ESPN Zone's festivities fan fire for sports buffs Carnival atmosphere includes ski jumping, golfing by celebrities

July 12, 1998|By Douglas Birch | Douglas Birch,SUN STAFF

For Dan Murphy, the scariest thing about ski jumping into the Inner Harbor yesterday wasn't the murky green water. It was screaming four stories down a 4-foot-wide white carpet at 30 mph, heading for his somersaults.

"I'm used to jumping on a much wider platform," said Murphy, 23, of Montreal, a freestyle skier who competes in World Cup events, as he stood dripping in his wet suit at the bottom of the jump.

"The water, I think, is all right," he added, with a shrug. "At least I hope so."

Murphy was among the handful of skiers, trampoliners, skateboarders and in-line skaters participating in what was billed as a "sports festival" to celebrate yesterday's gala opening of the ESPN Zone restaurant and entertainment complex.

ESPN Zone, the first complex in a planned worldwide chain, was built around the theme of sports television by Walt Disney Co. and Disney-owned ESPN in the former Power Plant on Pier 4.

With about 220 television monitors displaying games from around the world, its operators are betting that there are a lot of people who think that life resembles a giant home-entertainment system.

Mobs of Baltimoreans and out-of-town visitors seemed stunned by the festivities. Blasted by rock and rap music from giant outdoor speakers, some watched the athletes -- mostly veterans of ESPN's annual X Games.

Other festival-goers shot baskets, tossed footballs at life-sized plastic cutouts of Baltimore Ravens receivers, or chipped golf balls at an artificial green floating 60 yards from the World Trade Center -- paying $5 a ball for a chance to win a new Toyota with a hole-in-one shot. The money went to charity.

'An amusement park'

"It seems like it's turning into an amusement park down here," said Paul Stutz, 28, of White Marsh, a computer systems administrator. Stutz craned his neck, trying to watch actor Samuel L. Jackson hit golf balls from the floating pier of Trident Electric Boat Rentals.

Jackson, who played a spiritual hit man in the movie "Pulp Fiction," whacked a particularly vicious slice and laughed.

"I almost got a photographer!" he shouted.

Dorothy Benain, 50, of Philadelphia had a puzzled smile as she watched ski jumper Murphy somersault and smack into the water in front of the former Power Plant. Someone tossed Murphy a life ring and pulled him to shore.

"It would help if the water were blue, clear," Benain said, leaning over the railing on the Pratt Street sidewalk. "This looks like bilge water. But what the heck?"

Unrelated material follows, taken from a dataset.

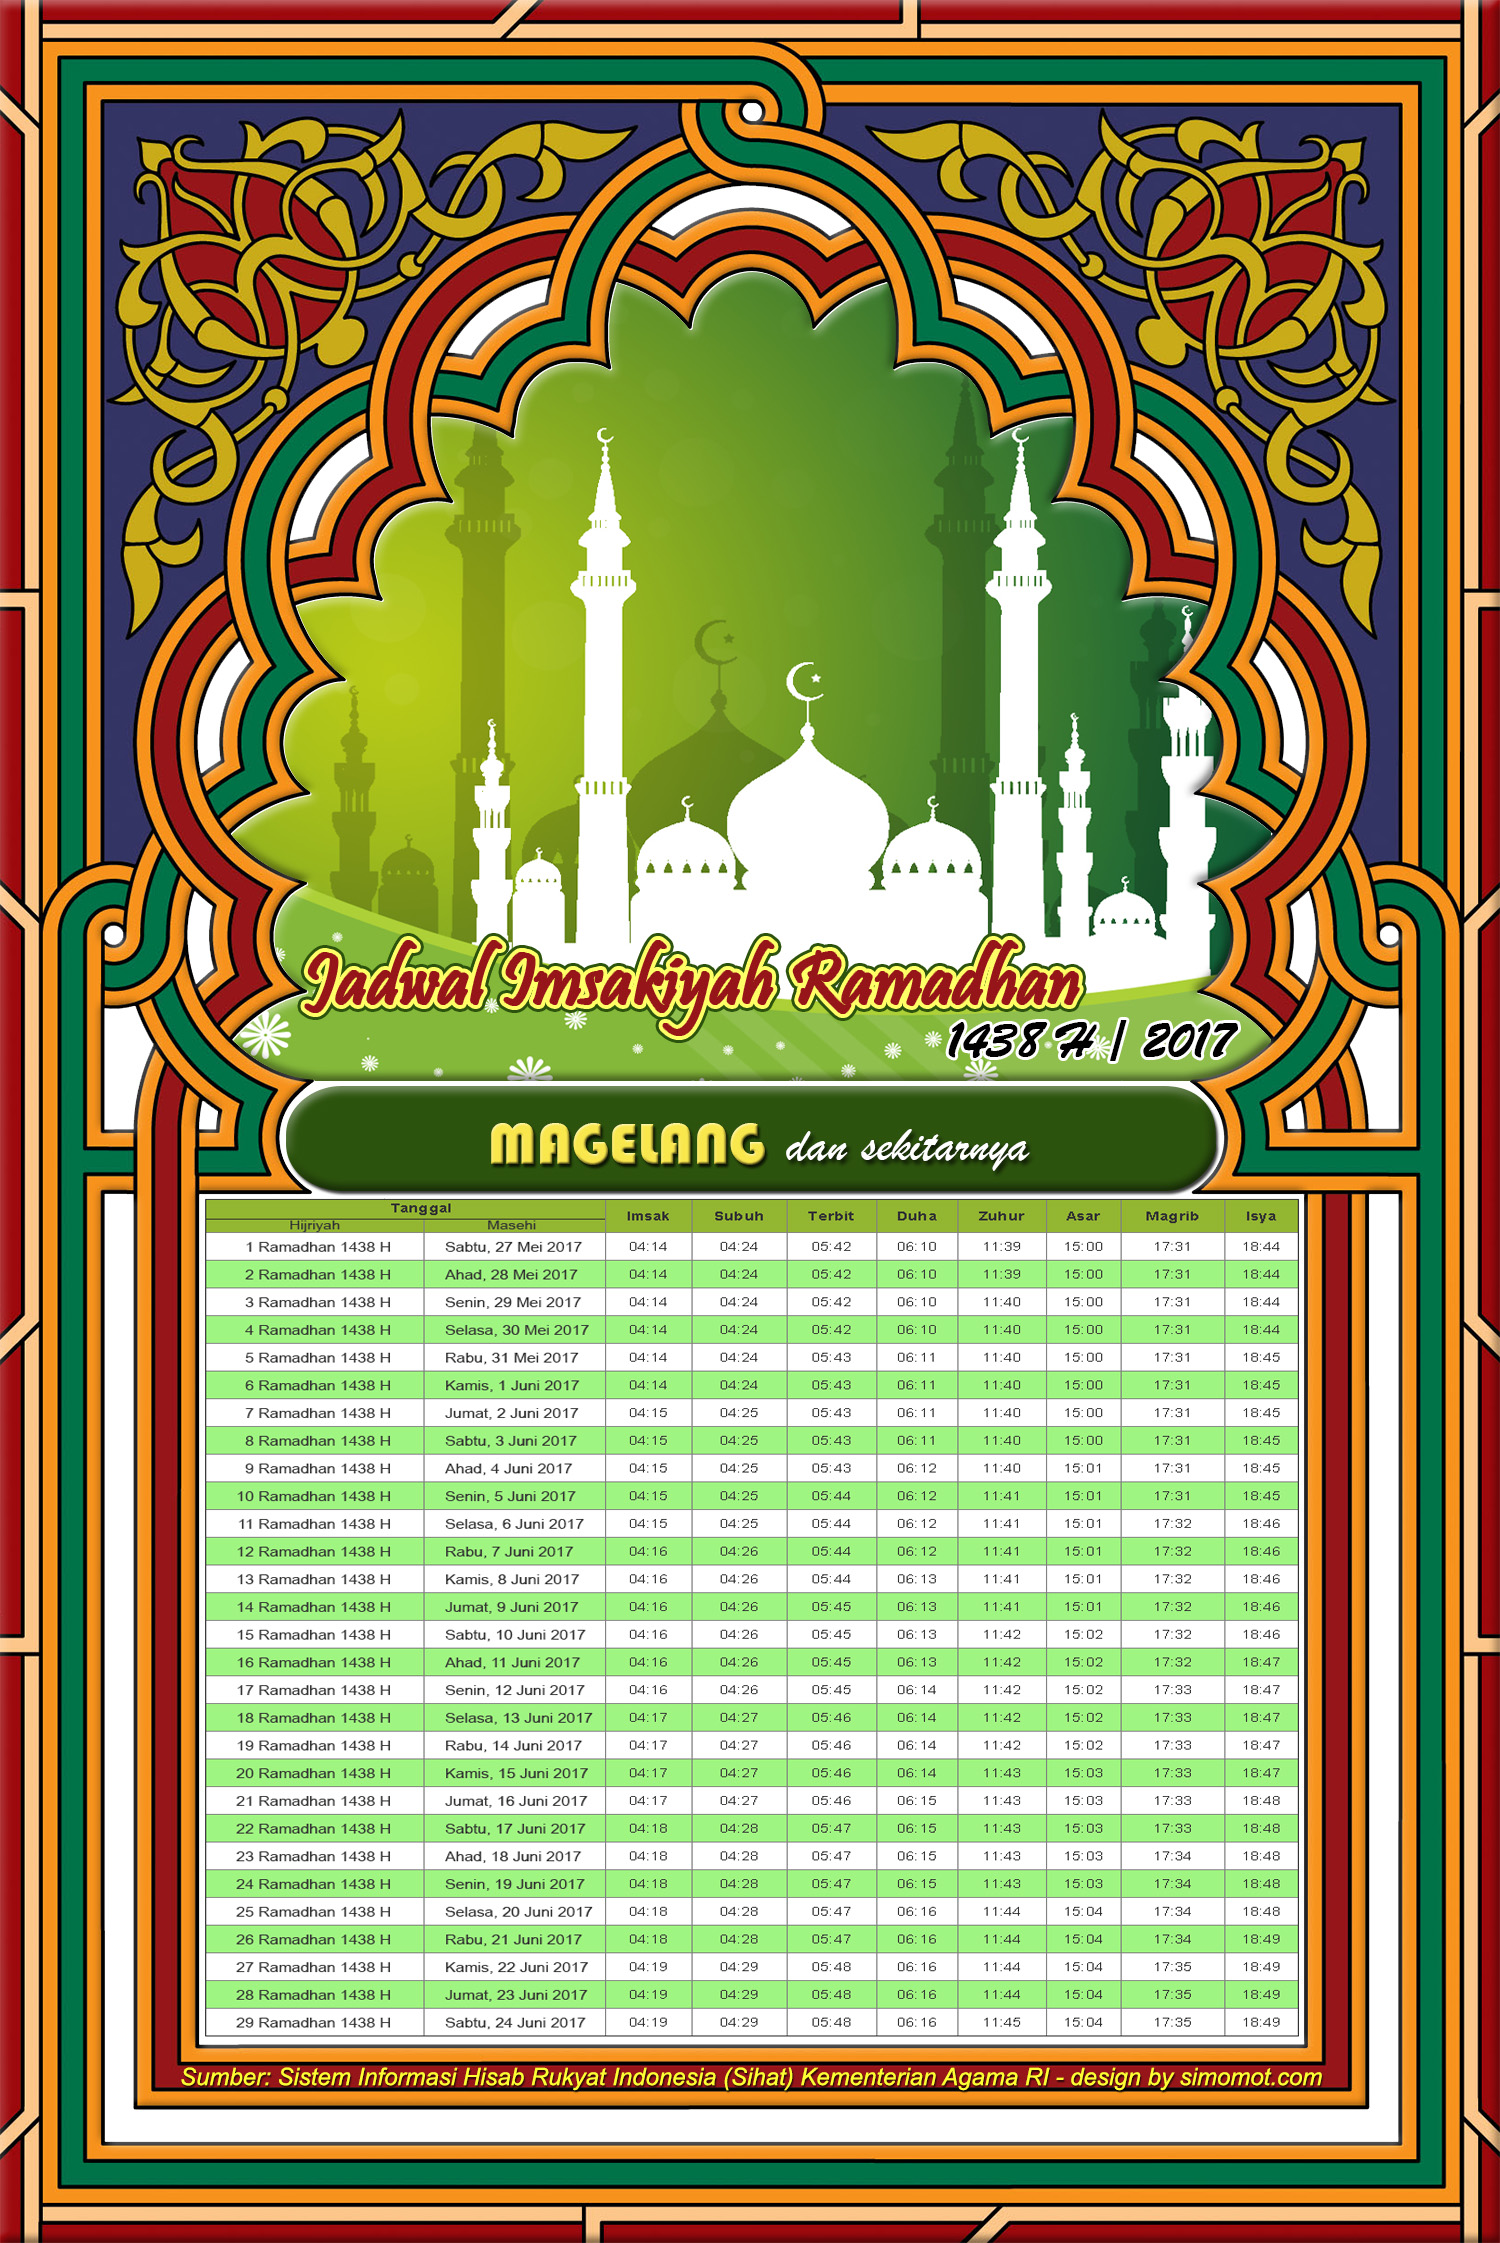 Jadwal Imsakiyah Ramadhan 1438 H - 2017 M seluruh wilayah ...
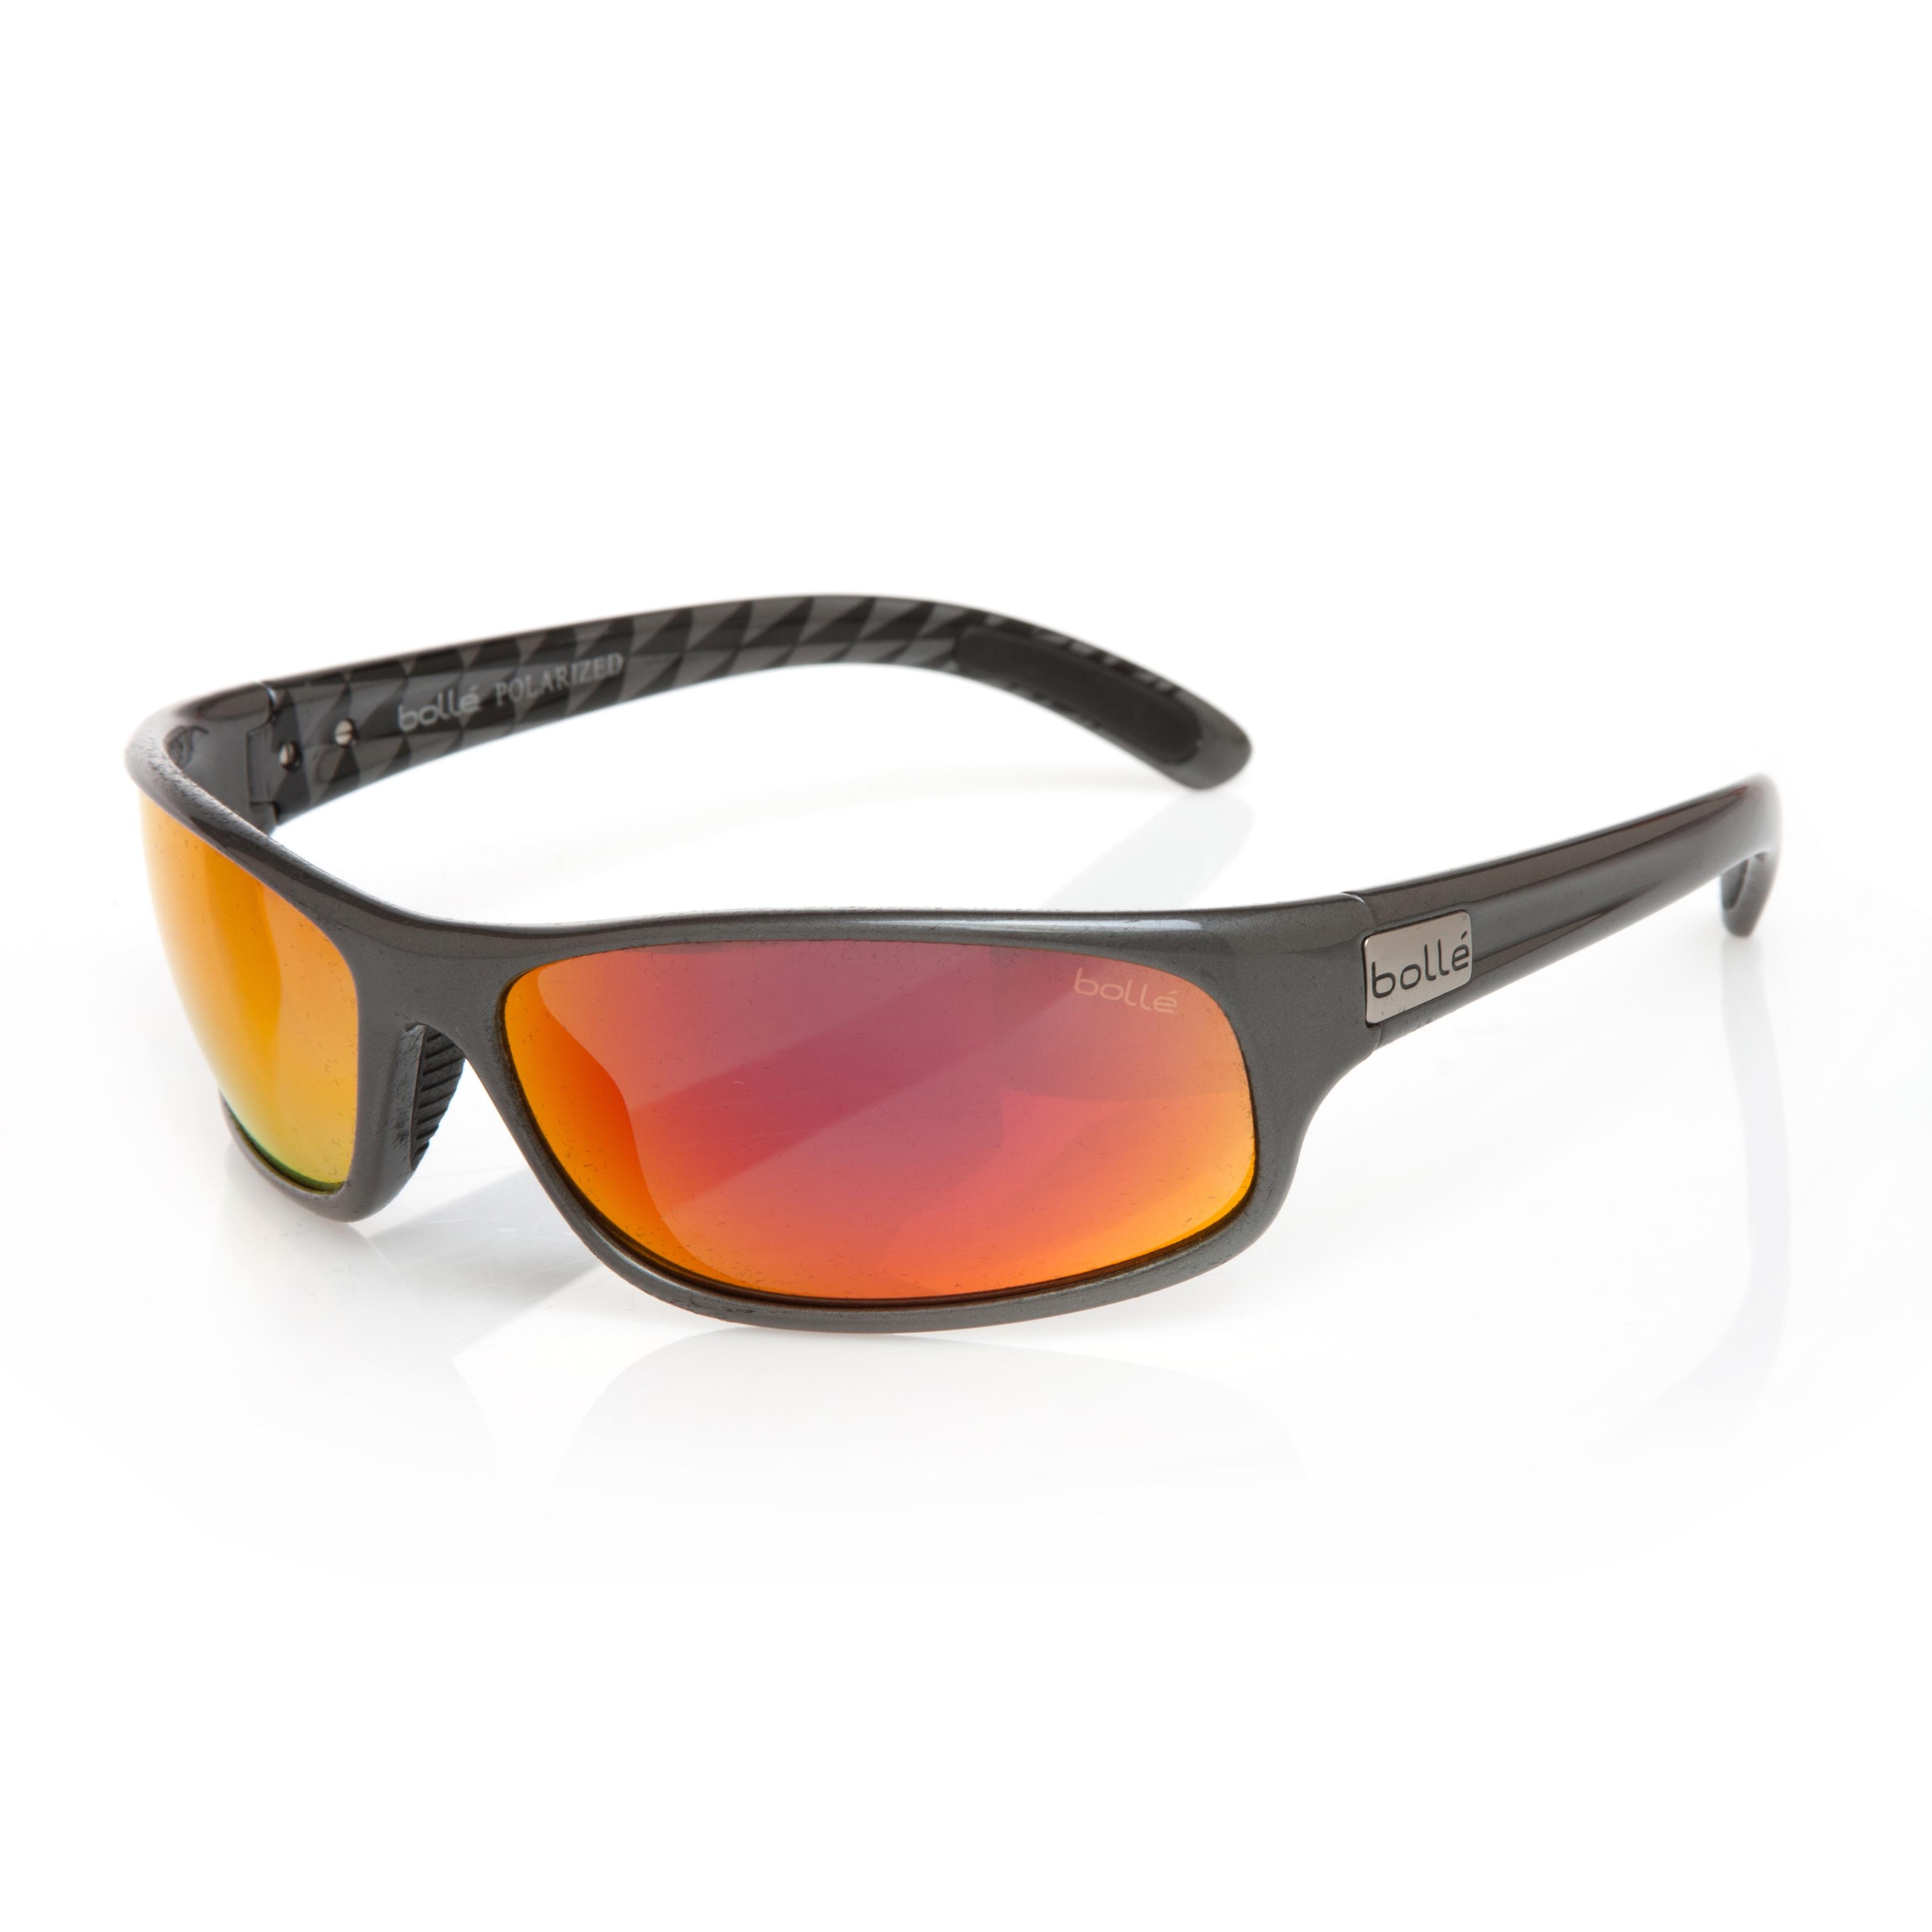 cdc16194f4 Bolle Men s  Anaconda  Shiny Gunmetal Polycarbonate Sport Sunglasses

Jerry Johnson, 49, a physician's assistant from Tucson, Ariz., waited in line for a chance to shoot 12 basketballs in 30 seconds near the National Aquarium's entrance. As his wife and daughter watched, the 5-foot-10, 174-pound tourist hit three baskets and retired from the field a happy man.

'No. 1 super fan'

Disney-ESPN officials swarmed around the harbor in khaki slacks and white golf shirts, keeping the festival running smoothly. Many used walkie-talkie earphones or wore wireless headsets.

Ron Kropkowski of Dundalk, who boasts that he is Baltimore's "No. 1 super fan," wore a cardboard sign around his neck: "Welcome to Baltimore ESPN Zone."

"Anybody who puts $15 million into my hometown, I support them," said the 40-year-old United Parcel Service employee, who attends Orioles games wearing a sign updating the game count in Cal Ripken Jr.'s streak. "They've got three of my favorite subjects over there: eating, drinking and watching sports."

Ralph Johnson, 45, a security guard from West Baltimore, had visited ESPN Zone during a preview opening. He was enchanted by its 35,000 square feet of restaurant and bar space, video games and TV monitors.

"We found a way to get away from the wife," Johnson said. "She's already said she's going to burn it down."

Max Cremeans of Parkville, a lanky 21-year-old skateboarder, jTC came to see a friend, Bucky Lasek of Dundalk, skateboard in the half-pipe. Lasek is an X Game veteran.

Cremeans hoped the skateboarding exhibition would earn the sport respect in an area where it gets little.

"Maybe everybody won't look at skaters like little troublemakers," he said.

Parade and fireworks

About 25,000 people were expected to attend the outdoor festival, which included an evening parade and fireworks. Only invited guests were permitted inside "the Zone" for last night's gala.

It opens to the public at 11 a.m. today.